Google, Facebook, Amazon: algorithms will soon rule our lives so we’d better understand how they work
March 23, 2014
Google’s algorithms are a closely guarded secret
One of the most interesting announcements in last week’s Budget – well, for me at least, as someone who has no savings and doesn’t play bingo or drink much – was the new Alan Turing Institute: £220 million of government support will be invested into “big data and algorithm” research.

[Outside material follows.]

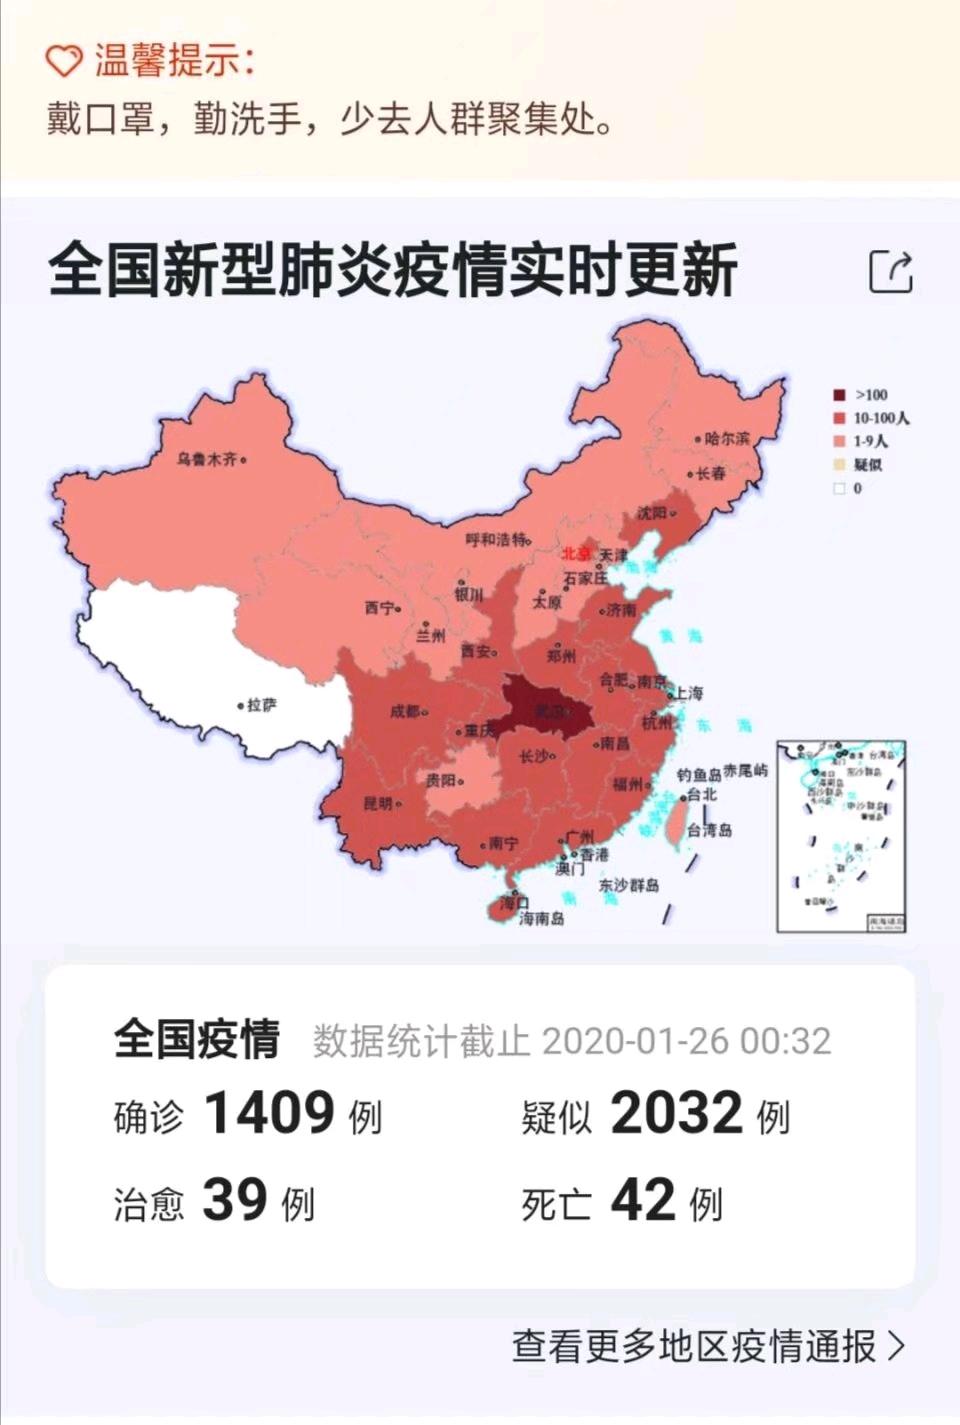 新型冠状病毒肺炎爆发(武汉加油)图片
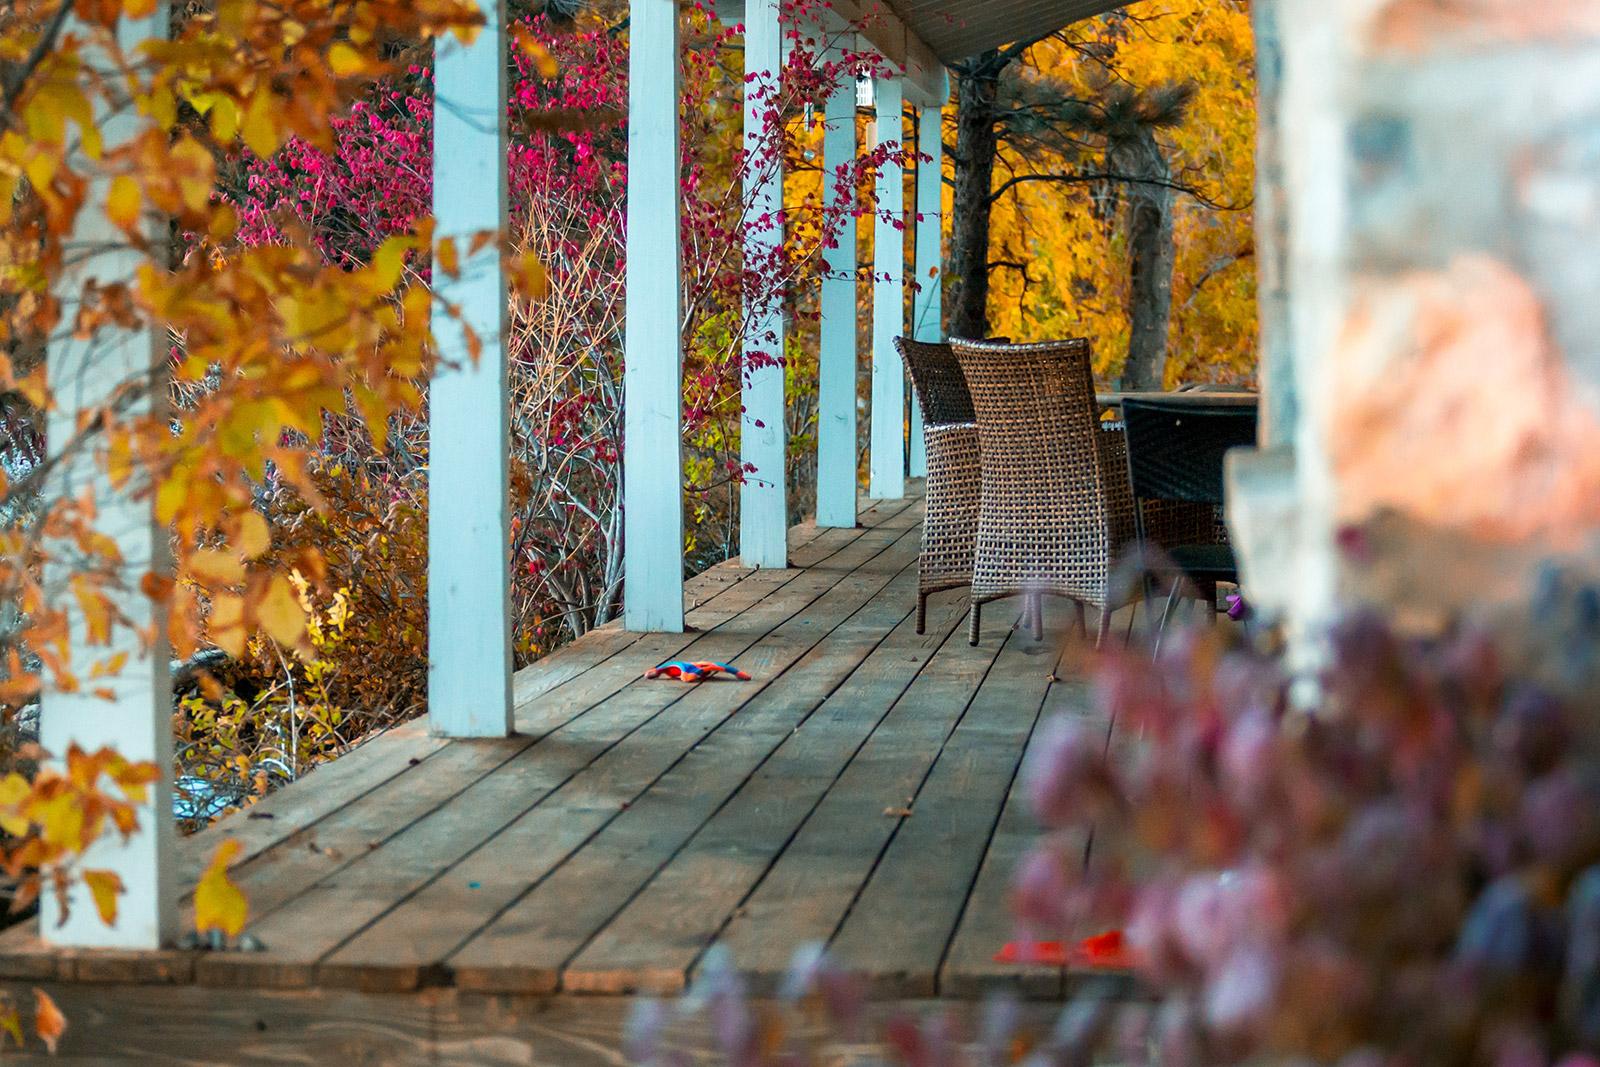 Porch during Autumn

Today, especially with the processing power of modern computing and enormous “big data” analysis, algorithms increasingly influence the media we read, the products we buy, and with whom we socialise. But most of us have no idea what they are. At its core, an algorithm is just a simple formula which must be followed to calculate the answer to a mathematical problem. (The word “algorithm” itself is derived from the eighth-century Persian mathematician Al-Khwārizmī but the concept goes all the way back to the Greeks.)
Algorithms are vital to the internet because they help to order and arrange vast volumes of data at a scale and speed impossible for a human. Google’s famous PageRank algorithm counts the number of links to a page and assesses their quality to determine how important a website is. The quality and quantity of websites’ links to each other are compared and ordered; the more important websites are displayed first on the Google search page when a search query is entered.
Facebook’s feed prioritisation algorithm calculates which posts a user sees on his or her news feed, how close a user and the creator of a post are, how valuable the content is (with photos determined to be the most worthwhile, and plain text the least so), and how long a post has been up for. Nothing is left to chance: by weighing up these three factors, the algorithm decides what you see – and Facebook updates and improves these regularly. And you’ll all be familiar with Amazon’s algorithms that constantly propose annoyingly accurate recommendations of what books that you might also like to buy, based on what others have bought.
All are based on proprietary algorithms. Without its clever algorithm, Google is nothing. Better algorithms are at the core of Amazon’s future plans too. On Christmas Eve 2013, they patented something called a “method and system for anticipatory package shipping”: an algorithm-based system that could potentially ship products before consumers place an order for them. Algorithms that make the best sense of data can earn companies billions. That’s why they are as closely guarded as the recipe for Coca-Cola.
There are remarkable social and economic benefits from being able to process data at much greater efficiency than humans. Some commentators believe that algorithm-led data analysis of NHS records could result in huge improvements in treatment outcomes, as we’d get a much better understanding of works and what doesn’t. According to the CEBR, the use of big data analytics across the healthcare sector could deliver additional revenues of £14bn from 2012 to 2017. Others have estimated it could cut the chronic care bill by £80 billion. Already, at the University of California San Francisco’s new medical centre, an algorithmically operated robot runs a fully automated hospital pharmacy. The dispensing room is sterile and secure, and the algorithm, having prepared hundreds of thousands of prescriptions, is yet to make a mistake.
However, life by algorithm brings worries too. Evgeny Morozov thinks all of this algorithmic analysis of personal information on a massive scale amounts to an incremental erosion of privacy by private companies and the state, and could even end up in Minority Report-style preventive policing. Others, like Filter Bubble author Eli Pariser, believe that by trying to perfectly predict our preferences with his search function, Google limits our opportunities for serendipity, discovery, exploration – we end up reading and watching the same things, having our horizons slowly narrowed. Around half of all trading on the world’s markets are today performed by computer algorithms, and are capable of incredible feats of financial mathematics at speeds measured in milliseconds: but errors are also magnified. In May 2010, American stock markets trended down and then crashed in the second largest swing in the history of the Dow Jones Index. Subsequent analysis showed this “Flash Crash” – which was quickly recovered – was caused by the aggressive activity of algorithmic traders.
Algorithms rule the world, and we still don’t really know much about them. Some of this is extremely promising. But there are also serious political, cultural, economic and social consequences when these clever calculations hold so much sway over what we information we encounter and how. As Turing put it in his 1950 masterpiece Computing Machinery and Intelligence: “We can only see a short distance ahead, but we can see plenty there that needs to be done.” A bit more research into the human side wouldn’t go a miss. Fortunately, I know just the place.